From: Dietmar Eggemann
Date: Fri Feb 19 2021 - 05:20:21 EST


On 16/02/2021 17:39, vincent.donnefort@xxxxxxx wrote:
> From: Vincent Donnefort <vincent.donnefort@xxxxxxx>
>
> Being called for each dequeue, util_est reduces the number of its updates
> by filtering out when the EWMA signal is different from the task util_avg
> by less than 1%. It is a problem for a sudden util_avg ramp-up. Due to the
> decay from a previous high util_avg, EWMA might now be close enough to
> the new util_avg. No update would then happen while it would leave
> ue.enqueued with an out-of-date value.

(1) enqueued[x-1] < ewma[x-1]

(2) diff(enqueued[x], ewma[x]) < 1024/100 && enqueued[x] < ewma[x] (*)

with ewma[x-1] == ewma[x]

(*) enqueued[x] must still be less than ewma[x] w/ default
UTIL_EST_FASTUP. Otherwise we would already 'goto done' (write the new
util_est) via the previous if condition.

>
> Taking into consideration the two util_est members, EWMA and enqueued for
> the filtering, ensures, for both, an up-to-date value.
>
> This is for now an issue only for the trace probe that might return the
> stale value. Functional-wise, it isn't (yet) a problem, as the value is
> always accessed through max(enqueued, ewma).

Yeah, I remember that the ue.enqueued plots looked weird in these
sections with stale ue.enqueued values.

> This problem has been observed using LISA's UtilConvergence:test_means on
> the sd845c board.

I ran the test a couple of times on my juno board and I never hit this
path (util_est_within_margin(last_ewma_diff) &&
!util_est_within_margin(last_enqueued_diff)) for a test task.

I can't see how this issue can be board specific?
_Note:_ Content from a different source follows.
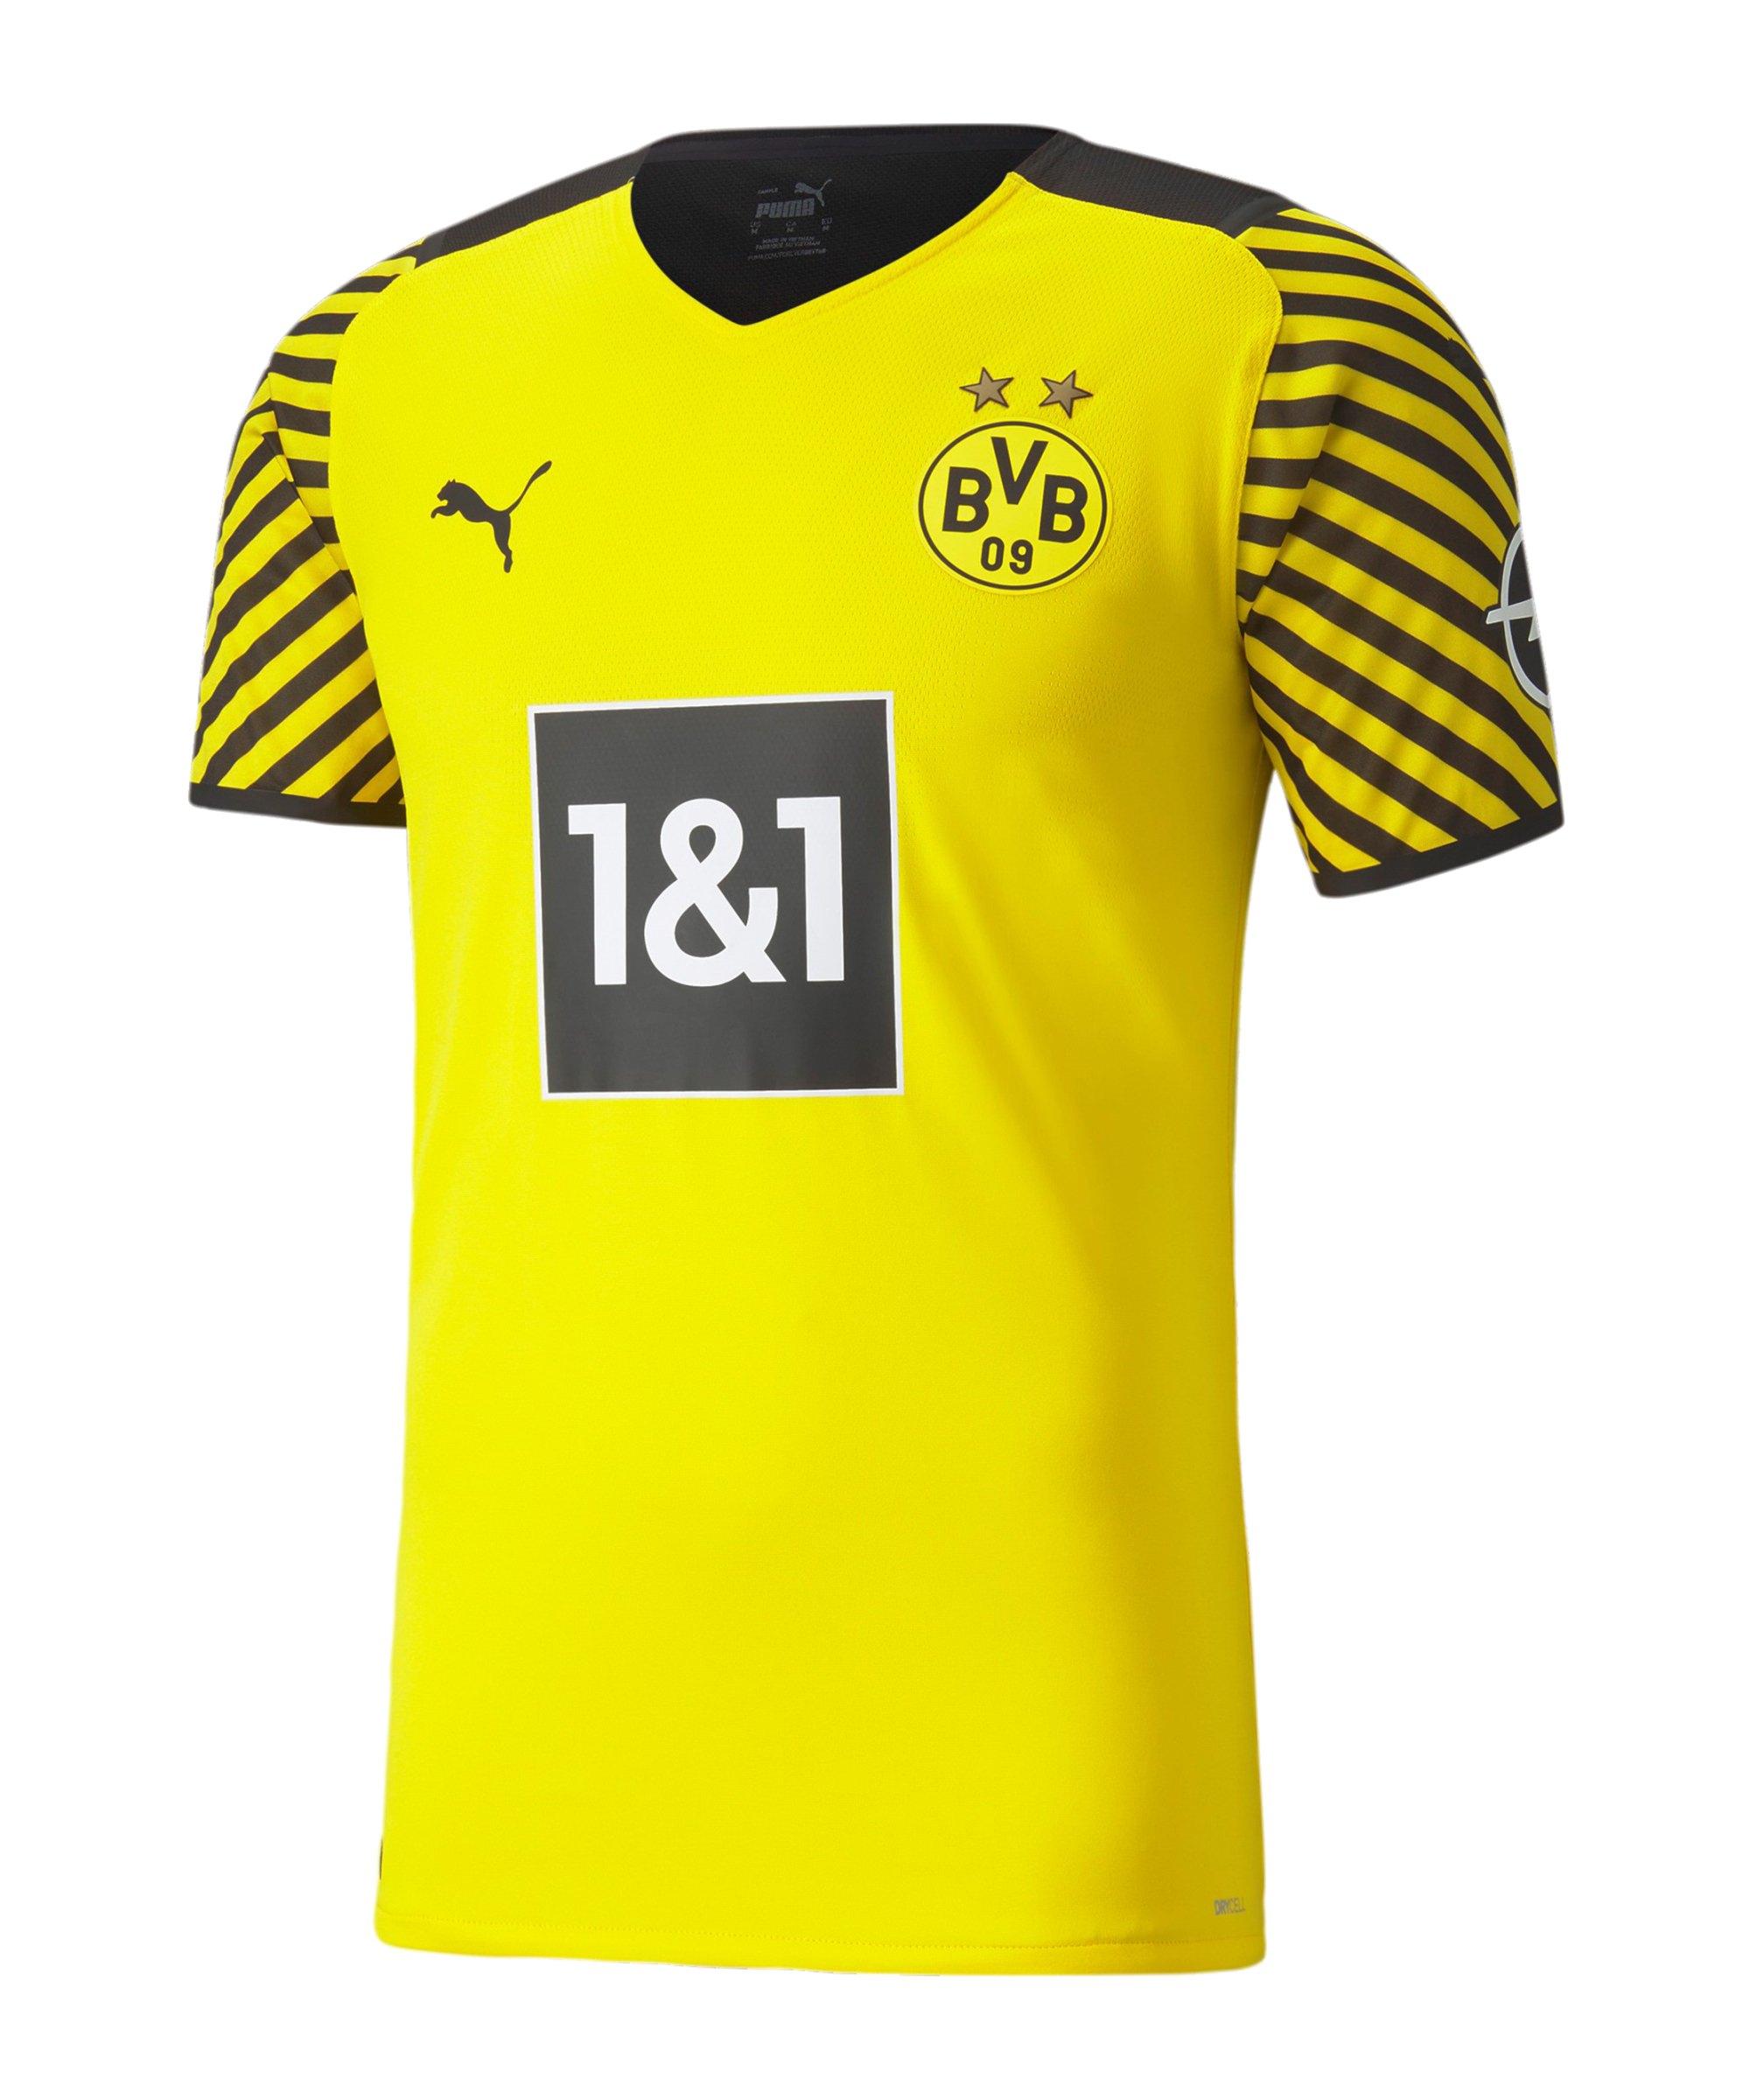 PUMA BVB Dortmund Auth.Trikot Home 2021/2022 Gelb Schwarz F01 - gelb

Does it happen
reliably on sd845c or is it just that it happens very, very occasionally?

I saw it a couple of times but always with a (non-test) tasks migrating
from one CPU to another.

> Signed-off-by: Vincent Donnefort <vincent.donnefort@xxxxxxx>

Reviewed-by: Dietmar Eggemann <dietmar.eggemann@xxxxxxx>

[...]